Aim of the task
For this task, output exactly the lines of the material below starting at the line with "blank guitar music sheet word document" and ending at the line with "Lot 38 - Veduta"; pictures are to be excluded.

Data to process
★ ★ ★ ★ ★

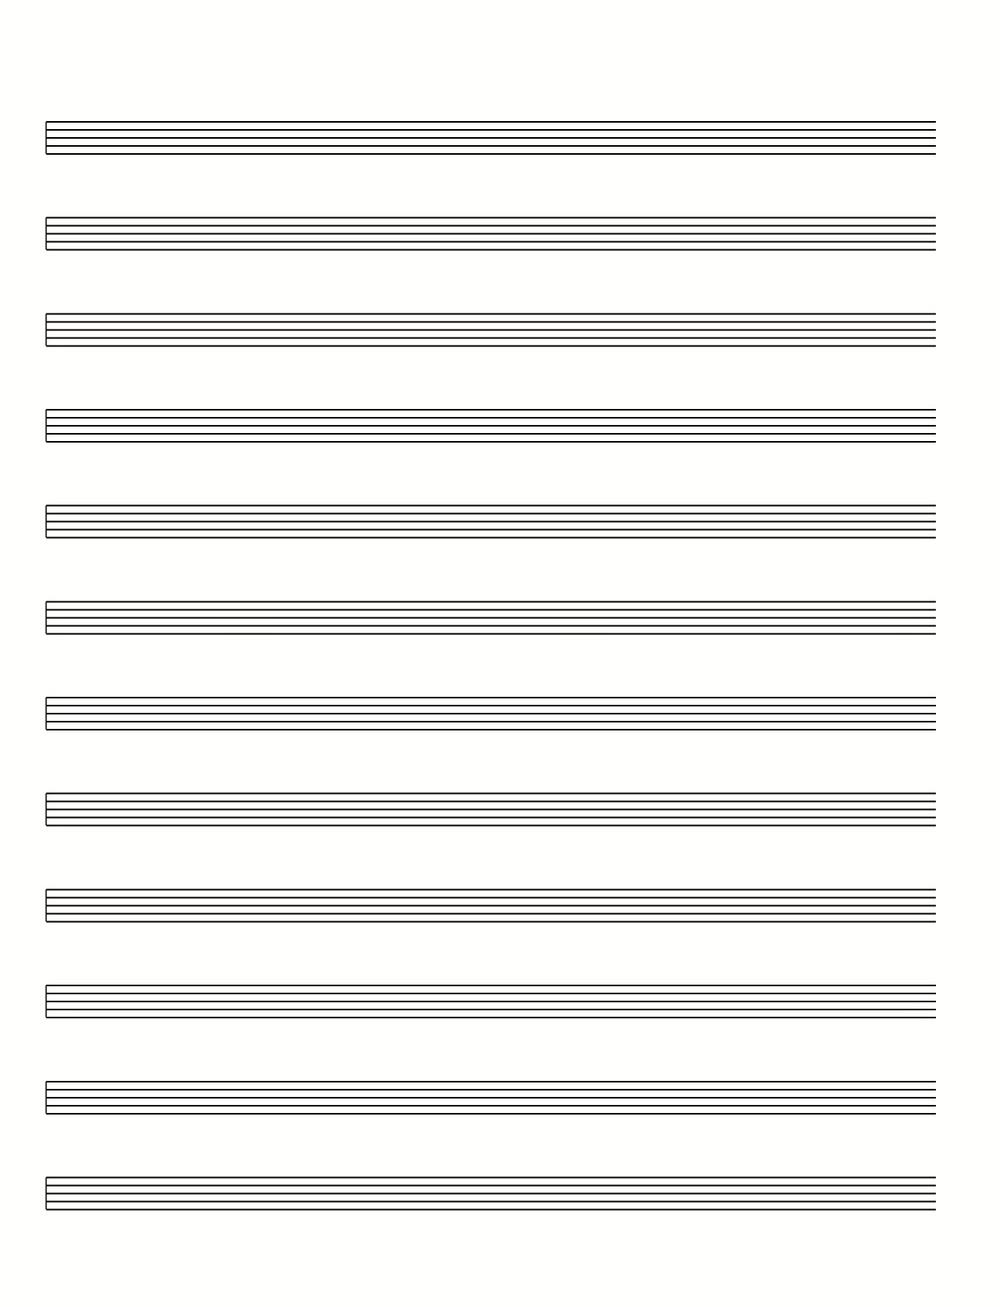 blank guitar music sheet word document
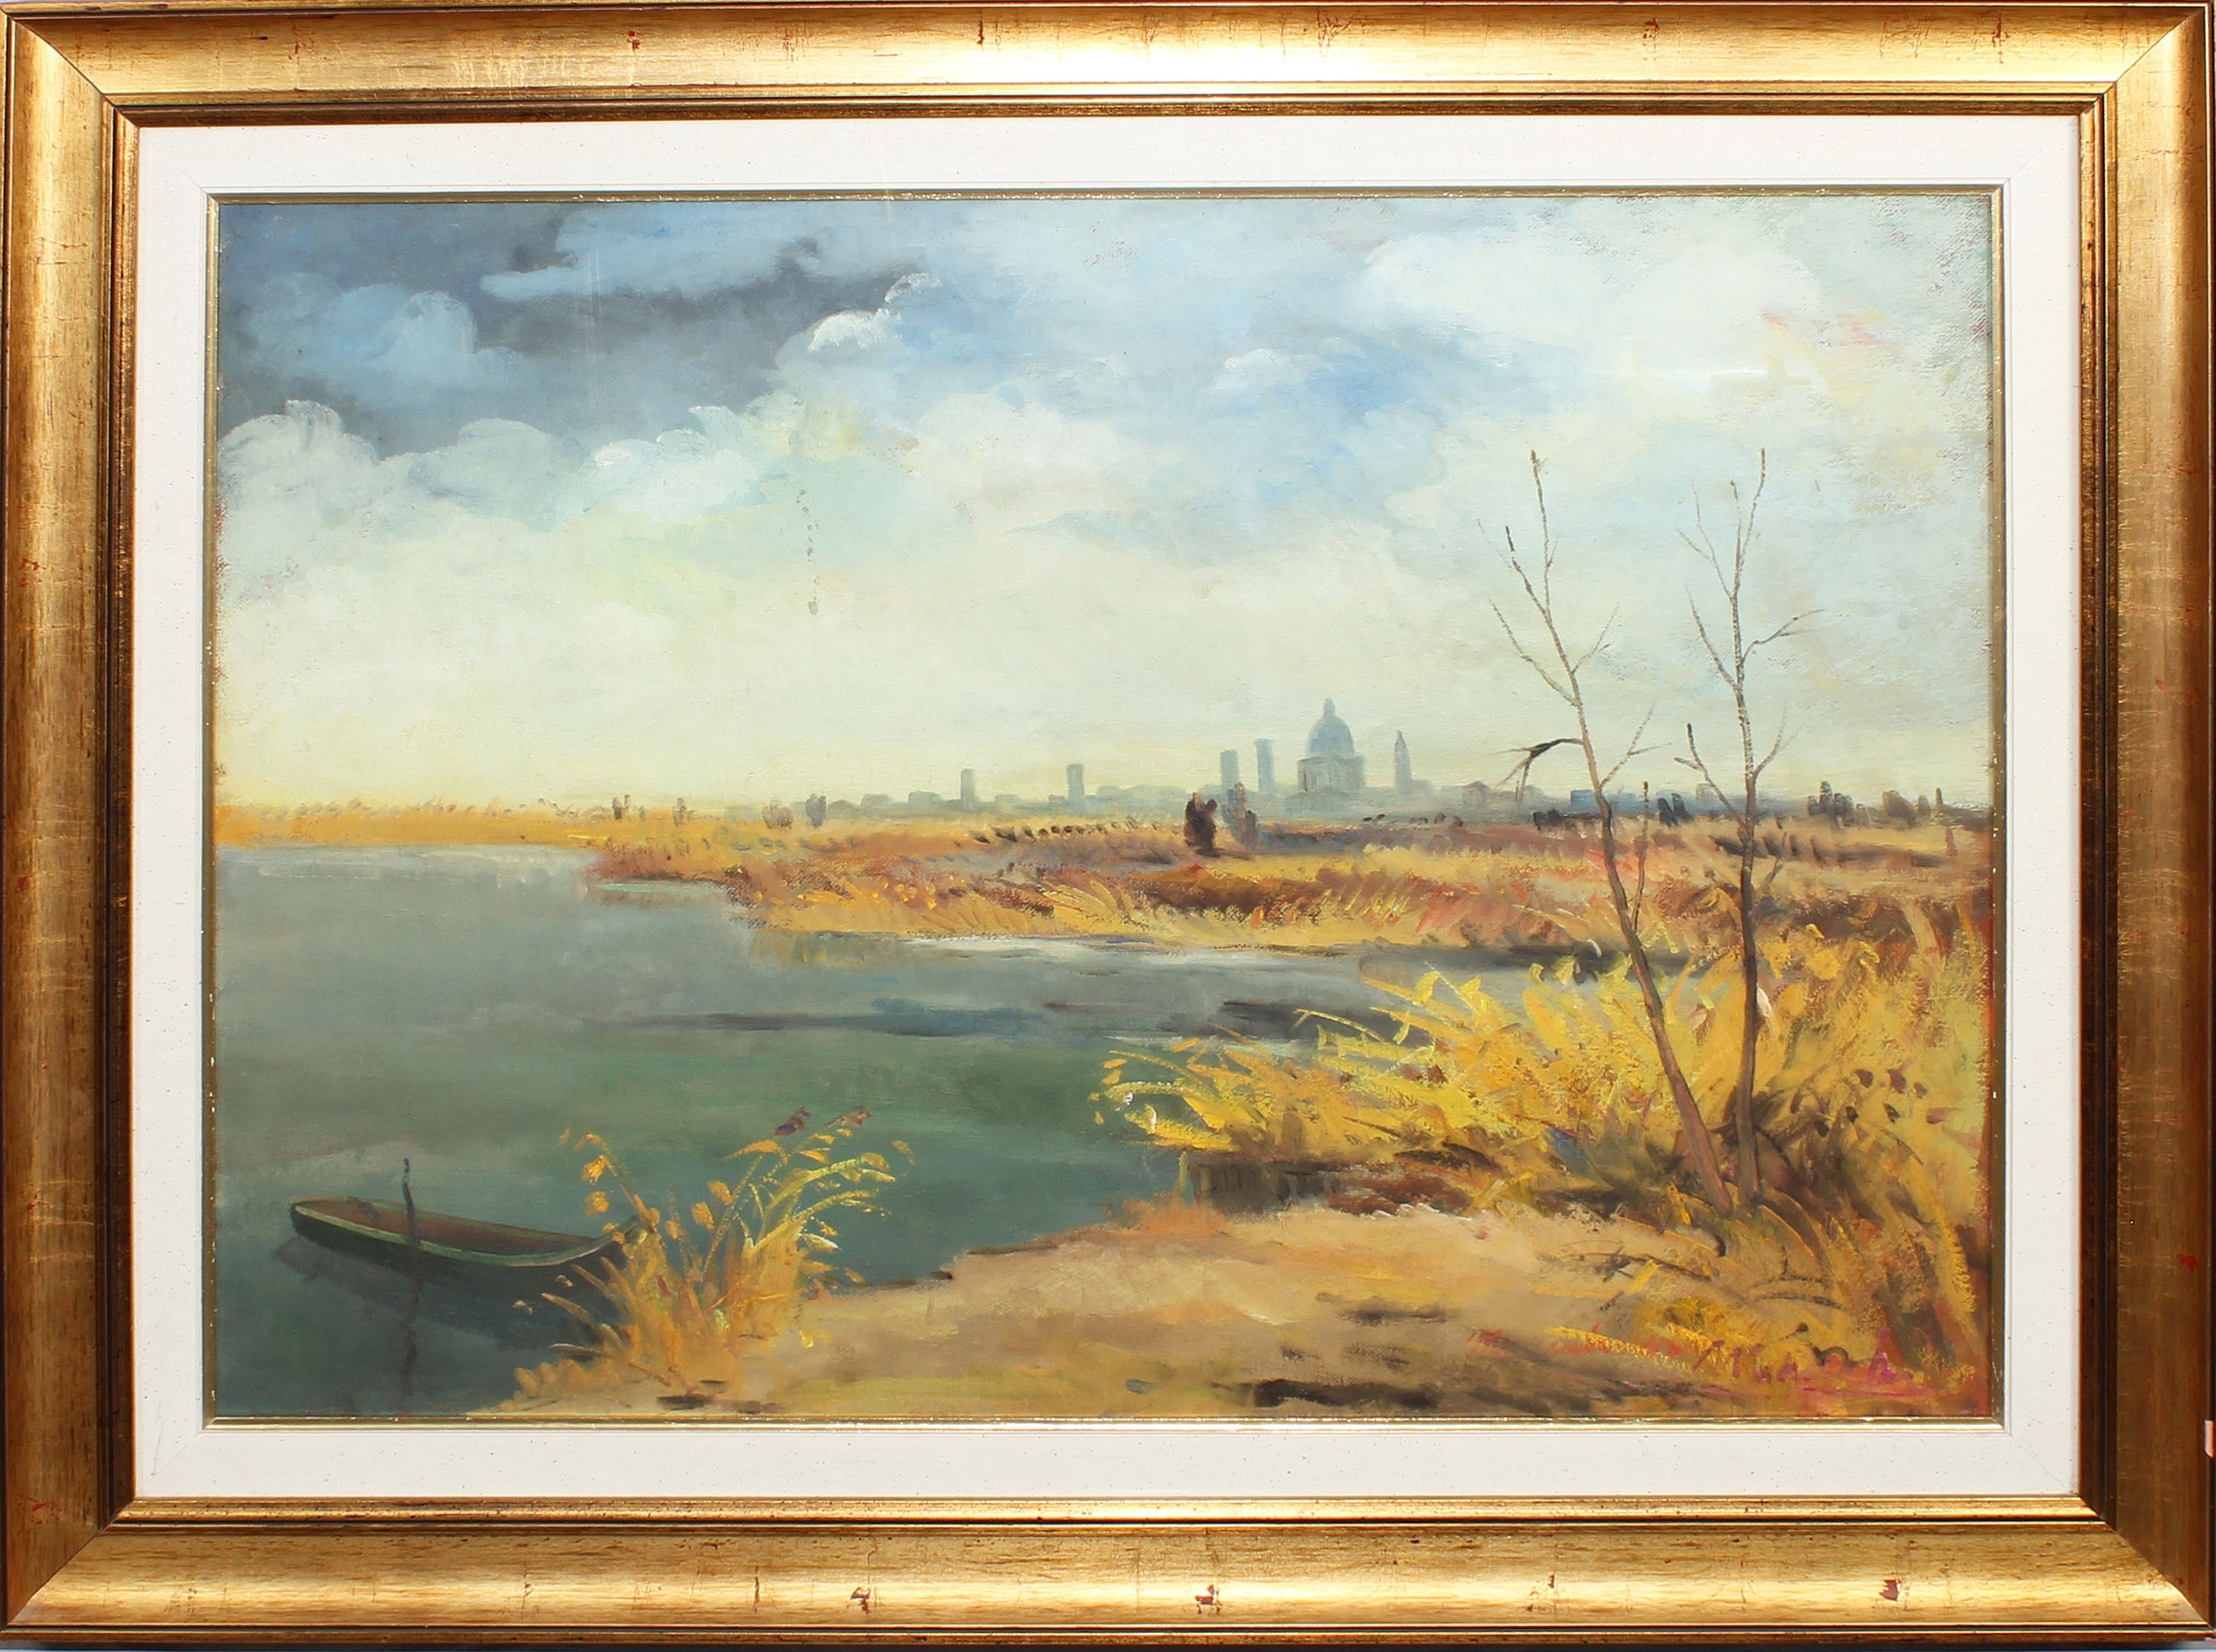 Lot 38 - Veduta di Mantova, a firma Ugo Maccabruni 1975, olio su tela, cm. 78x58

★ ★ ★ ★ ★

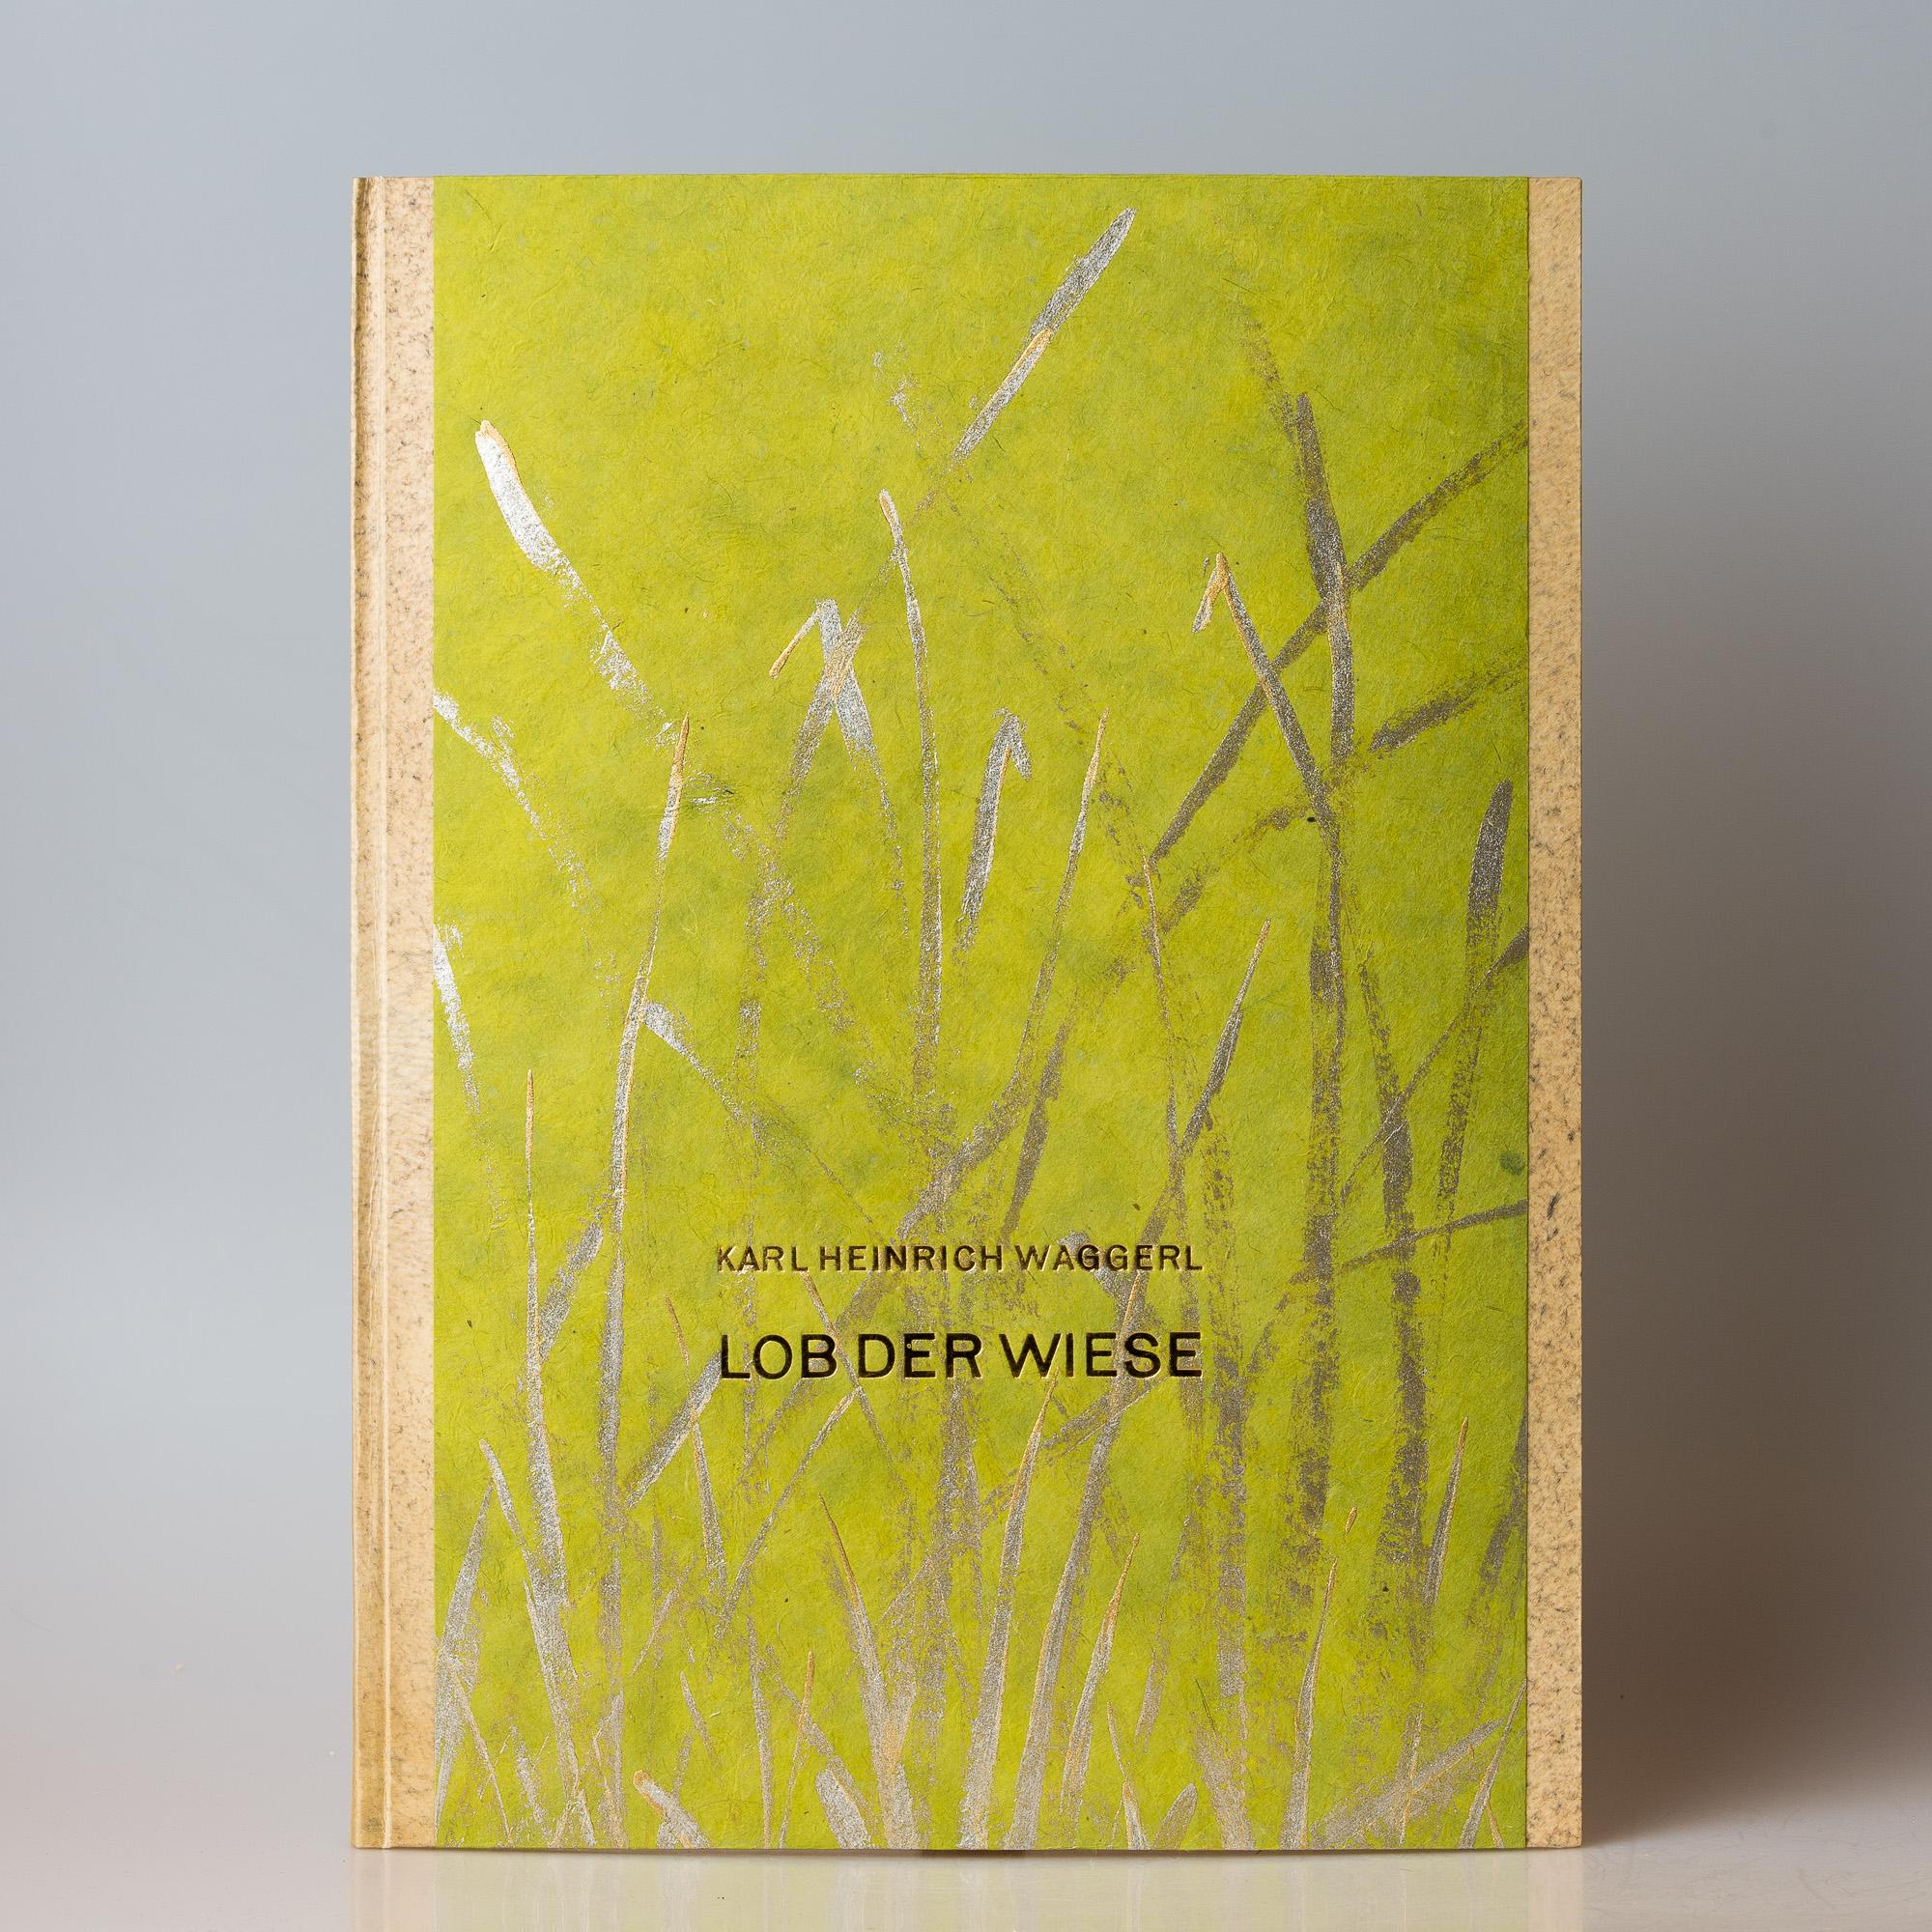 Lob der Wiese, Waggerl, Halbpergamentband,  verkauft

★ ★ ★ ★ ★

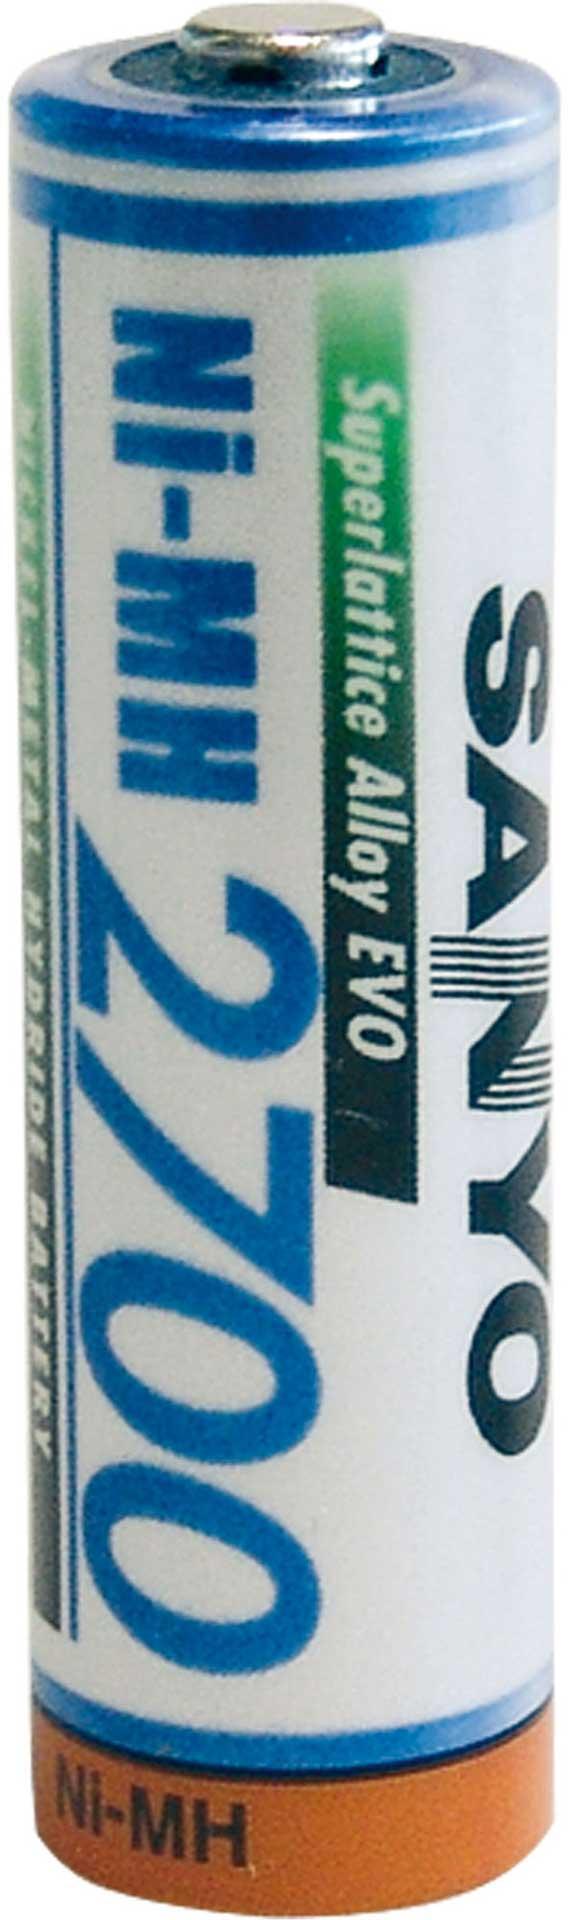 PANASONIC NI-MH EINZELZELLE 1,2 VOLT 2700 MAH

★ ★ ★ ★ ★

Result for this task
 blank guitar music sheet word document
 Lot 38 - Veduta di Mantova, a firma Ugo Maccabruni 1975, olio su tela, cm. 78x58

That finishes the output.